Mental Illness has last I checked (about 3 years ago) been rebranded as Mental Health Issues, probably (I don't know, and never checked) for the very reason that 'illness' absolves people from responsibility for behaviors they can actually address, and also bias us towards pharmaceutical solutions.
But unlike ADHD, my experience of interacting with the now anxious majority, gives me no indication that big-pharma is the man behind the curtains. Though it appears to team up with depression often, the only one of my friends I have real insight into the role of medication in conjunction with anxiety is that of my best friend. Otherwise some may be using SSRI's but most people I know are not taking any medication.
To be honest, I have absolutely no fucking idea what most of these anxious people are doing about their anxiety. They just seem to form social groups where being anxious is the norm, maintain stressful lifestyles and avoid practical solutions and most forms of exposure response prevention therapies.

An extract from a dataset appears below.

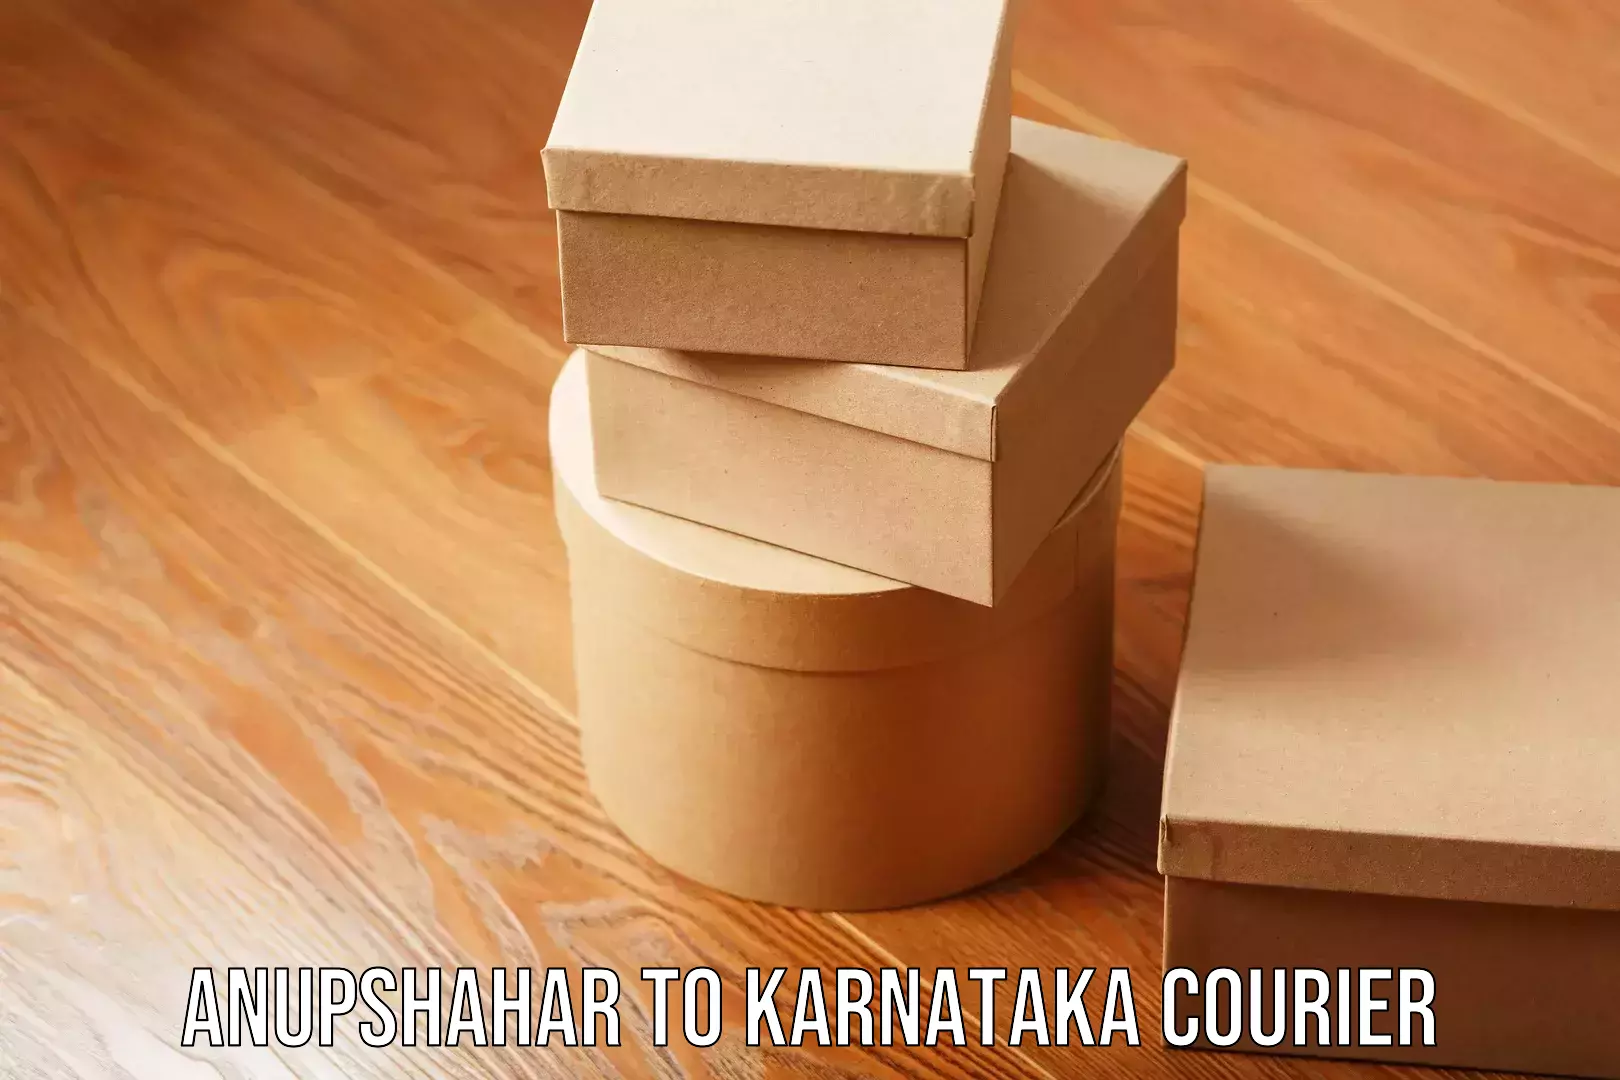 Professional courier handling Anupshahar to Karnataka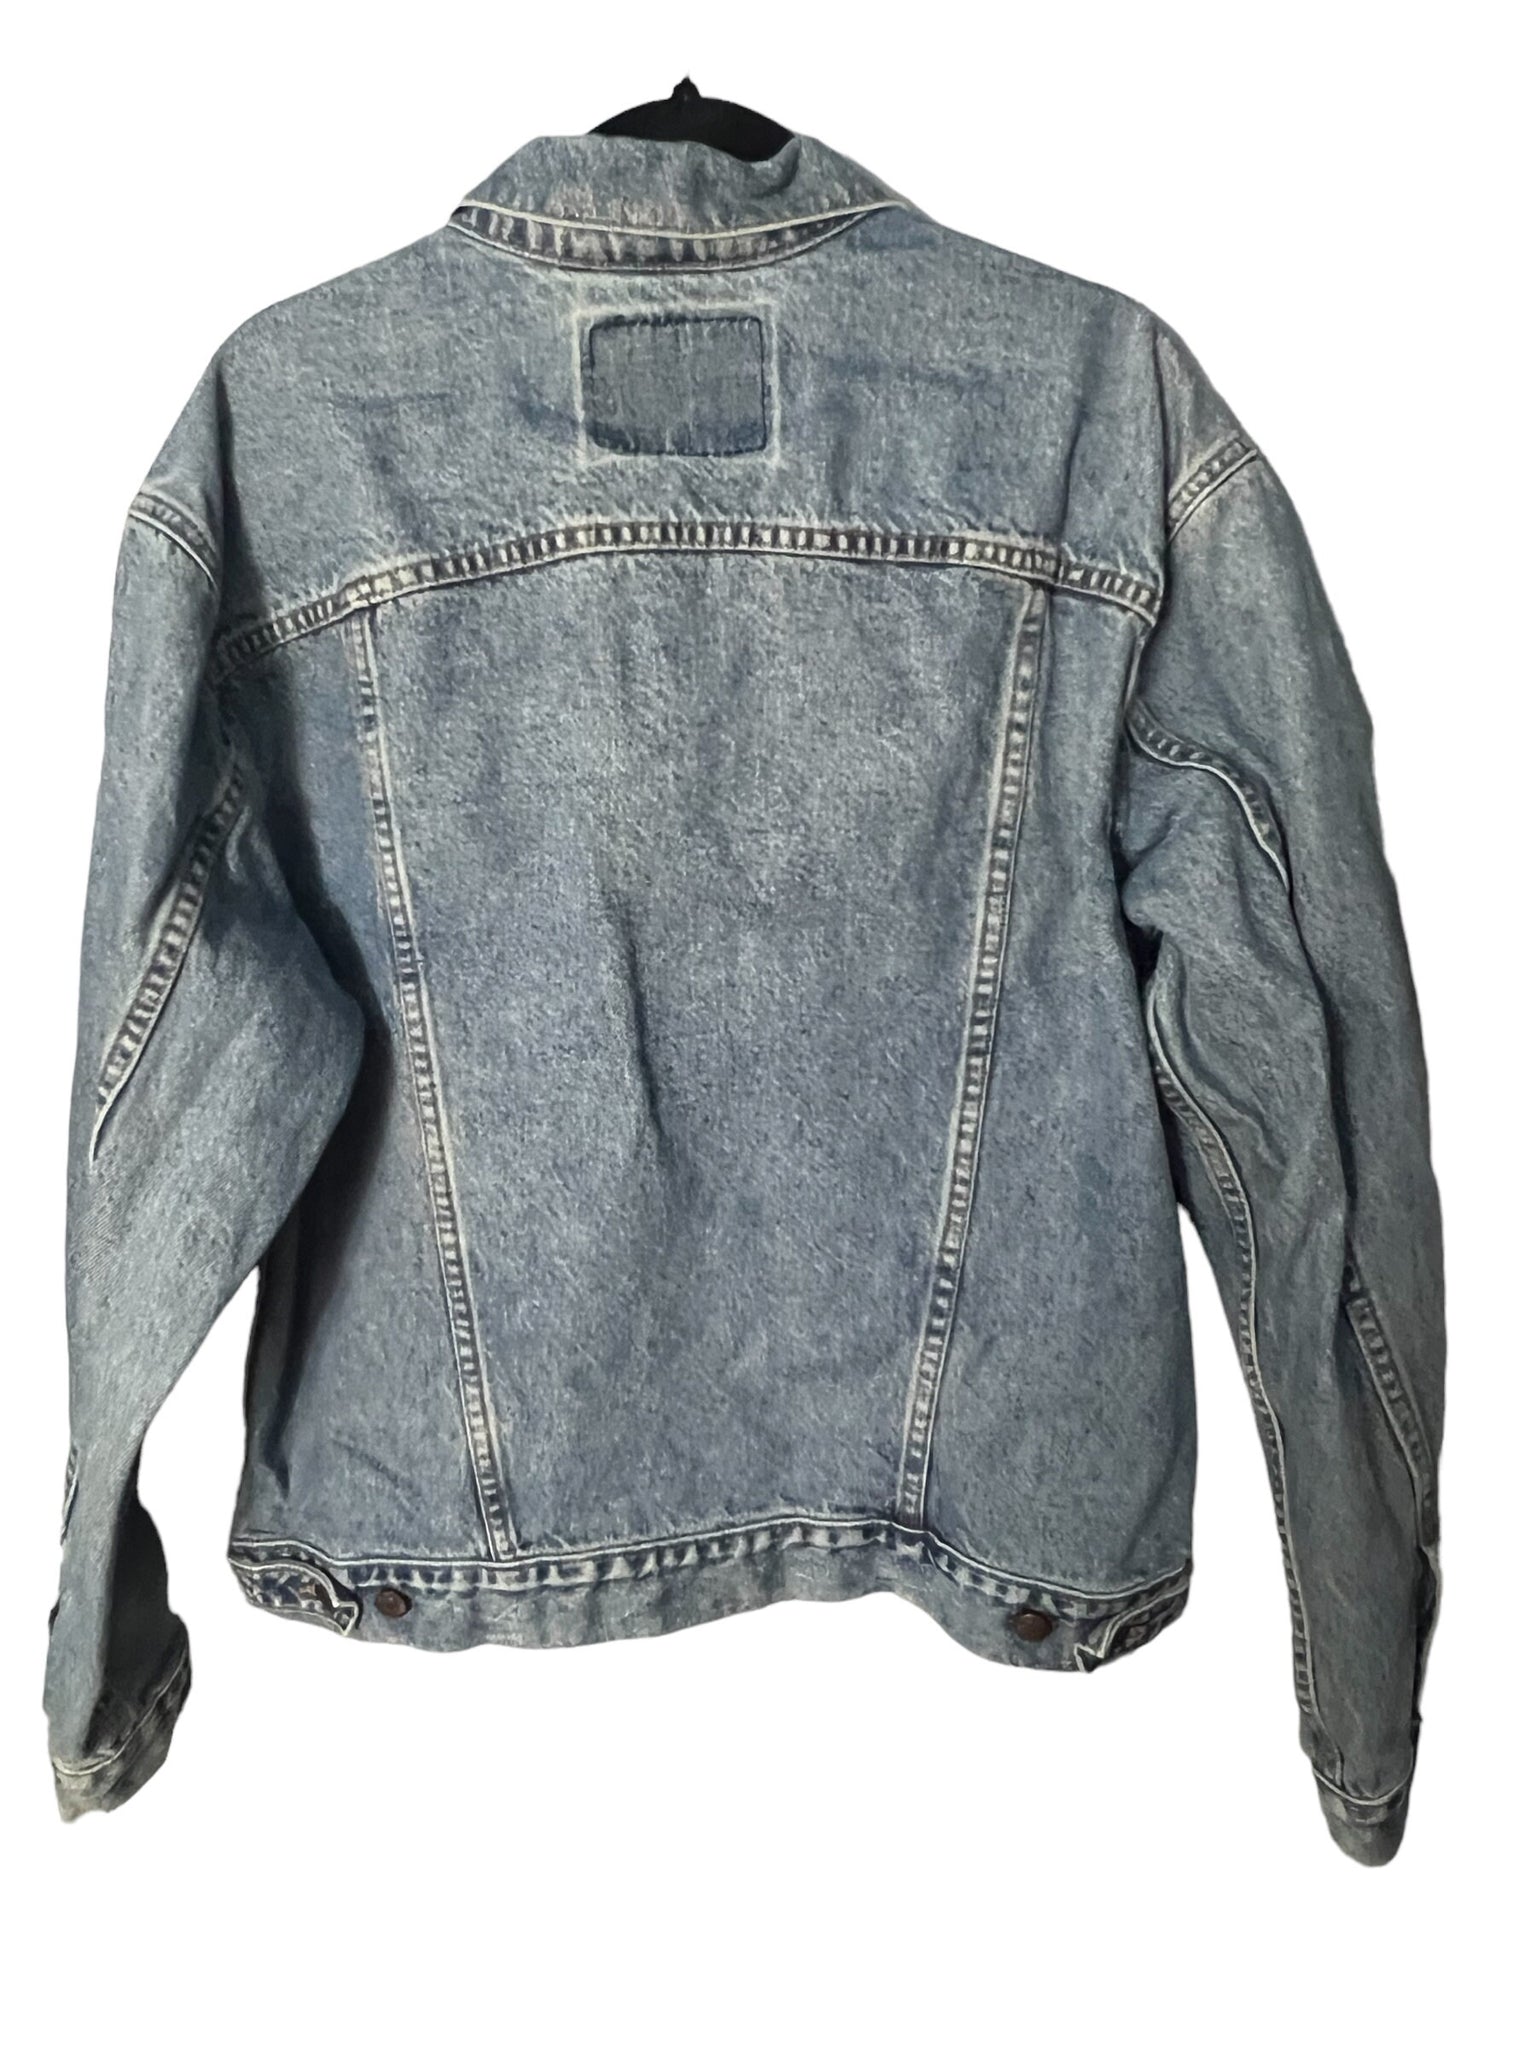 Vintage Levis jean jacket M

I'm not talking about the horrifying extremes like OCD, or PTSD. I'm talking about people who feel self conscious in a room full of people, that need to drink in social situations, that feel anxious receiving a phone call and would prefer if people texted, that pop up on social media IM to see if I'm going to a party before they decide on attending.
Garden variety anxiety.
Having some little insight into schizophrenia, bipolar, psychosis, OCD and clinical depression. I find it really hard to take the anxious very seriously, I just see them unconsciously formulating the new norms of social interaction, and I don't get it and I don't want to jump on the anxiety bandwagon. I don't think of anxiety like depression or even celiacs, I feel exactly the same about the anxious as I do hipsters and emos.
Something the kids are all doing these days that is strange and confusing to me. Hence insufficient compassion for their plight.